On 10/20/21 4:33 PM, Peter Gonda wrote:
On Fri, Oct 8, 2021 at 12:06 PM Brijesh Singh <brijesh.singh@xxxxxxx> wrote:

SEV-SNP specification provides the guest a mechanisum to communicate with
the PSP without risk from a malicious hypervisor who wishes to read, alter,
drop or replay the messages sent. The driver uses snp_issue_guest_request()
to issue GHCB SNP_GUEST_REQUEST or SNP_EXT_GUEST_REQUEST NAE events to
submit the request to PSP.

The PSP requires that all communication should be encrypted using key
specified through the platform_data.

The userspace can use SNP_GET_REPORT ioctl() to query the guest
attestation report.

See SEV-SNP spec section Guest Messages for more details.

Signed-off-by: Brijesh Singh <brijesh.singh@xxxxxxx>
---
Documentation/virt/coco/sevguest.rst | 77 ++++
drivers/virt/Kconfig | 3 +
drivers/virt/Makefile | 1 +
drivers/virt/coco/sevguest/Kconfig | 9 +
drivers/virt/coco/sevguest/Makefile | 2 +
drivers/virt/coco/sevguest/sevguest.c | 561 ++++++++++++++++++++++++++
drivers/virt/coco/sevguest/sevguest.h | 98 +++++
include/uapi/linux/sev-guest.h | 44 ++
8 files changed, 795 insertions(+)
create mode 100644 Documentation/virt/coco/sevguest.rst
create mode 100644 drivers/virt/coco/sevguest/Kconfig
create mode 100644 drivers/virt/coco/sevguest/Makefile
create mode 100644 drivers/virt/coco/sevguest/sevguest.c
create mode 100644 drivers/virt/coco/sevguest/sevguest.h
create mode 100644 include/uapi/linux/sev-guest.h

diff --git a/Documentation/virt/coco/sevguest.rst b/Documentation/virt/coco/sevguest.rst
new file mode 100644
index 000000000000..002c90946b8a
--- /dev/null
+++ b/Documentation/virt/coco/sevguest.rst
@@ -0,0 +1,77 @@
+.. SPDX-License-Identifier: GPL-2.0
+
+===================================================================
+The Definitive SEV Guest API Documentation
+===================================================================
+
+1. General description
+======================
+
+The SEV API is a set of ioctls that are used by the guest or hypervisor
+to get or set certain aspect of the SEV virtual machine.
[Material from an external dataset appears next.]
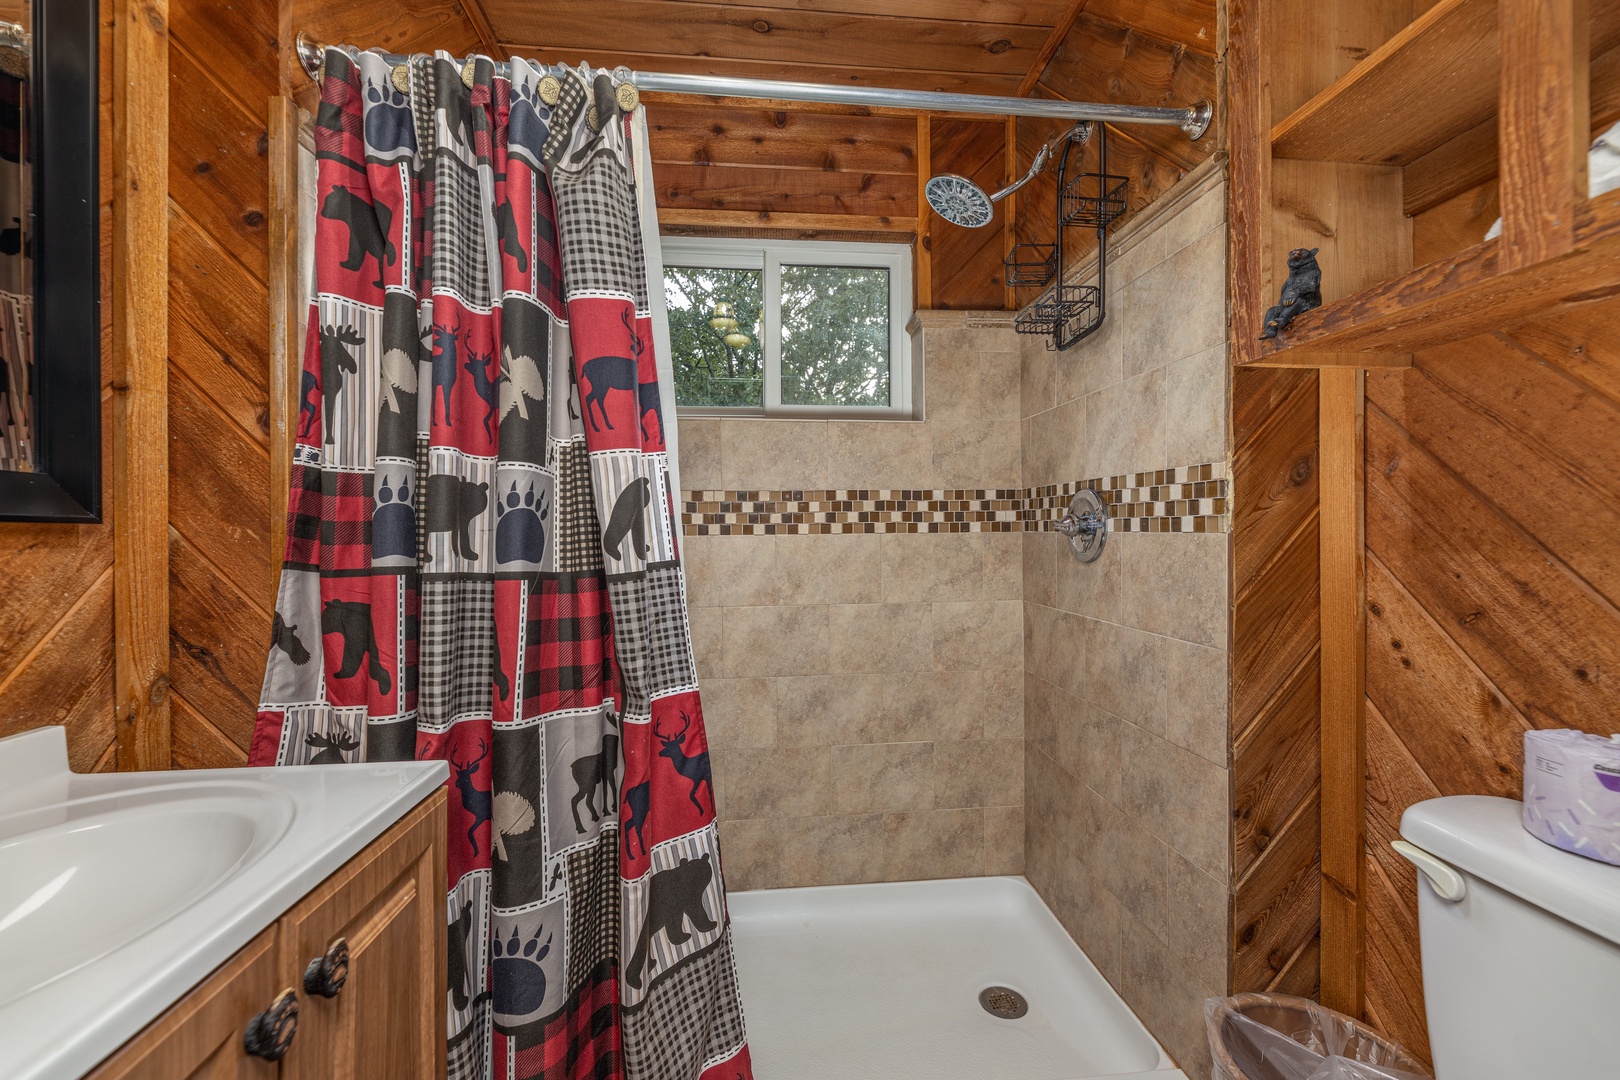 Bathroom with a walk in shower at Bearing Views, a 3 bedroom cabin rental located in Pigeon Forge

The ioctls belong
+to the following classes:
+
+ - Hypervisor ioctls: These query and set global attributes which affect the
+ whole SEV firmware. These ioctl are used by platform provision tools.
+
+ - Guest ioctls: These query and set attributes of the SEV virtual machine.
+
+2. API description
+==================
+
+This section describes ioctls that can be used to query or set SEV guests.
+For each ioctl, the following information is provided along with a
+description:
+
+ Technology:
+ which SEV techology provides this ioctl. sev, sev-es, sev-snp or all.
+
+ Type:
+ hypervisor or guest. The ioctl can be used inside the guest or the
+ hypervisor.
+
+ Parameters:
+ what parameters are accepted by the ioctl.
+
+ Returns:
+ the return value. General error numbers (ENOMEM, EINVAL)
+ are not detailed, but errors with specific meanings are.
+
+The guest ioctl should be issued on a file descriptor of the /dev/sev-guest device.
+The ioctl accepts struct snp_user_guest_request. The input and output structure is
+specified through the req_data and resp_data field respectively. If the ioctl fails
+to execute due to a firmware error, then fw_err code will be set.
+
+::
+ struct snp_guest_request_ioctl {
+ /* Request and response structure address */
+ __u64 req_data;
+ __u64 resp_data;
+
+ /* firmware error code on failure (see psp-sev.h) */
+ __u64 fw_err;
+ };
+
+2.1 SNP_GET_REPORT
+------------------
+
+:Technology: sev-snp
+:Type: guest ioctl
+:Parameters (in): struct snp_report_req
+:Returns (out): struct snp_report_resp on success, -negative on error
+
+The SNP_GET_REPORT ioctl can be used to query the attestation report from the
+SEV-SNP firmware. The ioctl uses the SNP_GUEST_REQUEST (MSG_REPORT_REQ) command
+provided by the SEV-SNP firmware to query the attestation report.
+
+On success, the snp_report_resp.data will contains the report. The report
+will contain the format described in the SEV-SNP specification. See the SEV-SNP
+specification for further details.
+
+
+Reference
+---------
+
+SEV-SNP and GHCB specification: developer.amd.com/sev
+
+The driver is based on SEV-SNP firmware spec 0.9 and GHCB spec version 2.0.
diff --git a/drivers/virt/Kconfig b/drivers/virt/Kconfig
index 8061e8ef449f..e457e47610d3 100644
--- a/drivers/virt/Kconfig
+++ b/drivers/virt/Kconfig
@@ -36,4 +36,7 @@ source "drivers/virt/vboxguest/Kconfig"
source "drivers/virt/nitro_enclaves/Kconfig"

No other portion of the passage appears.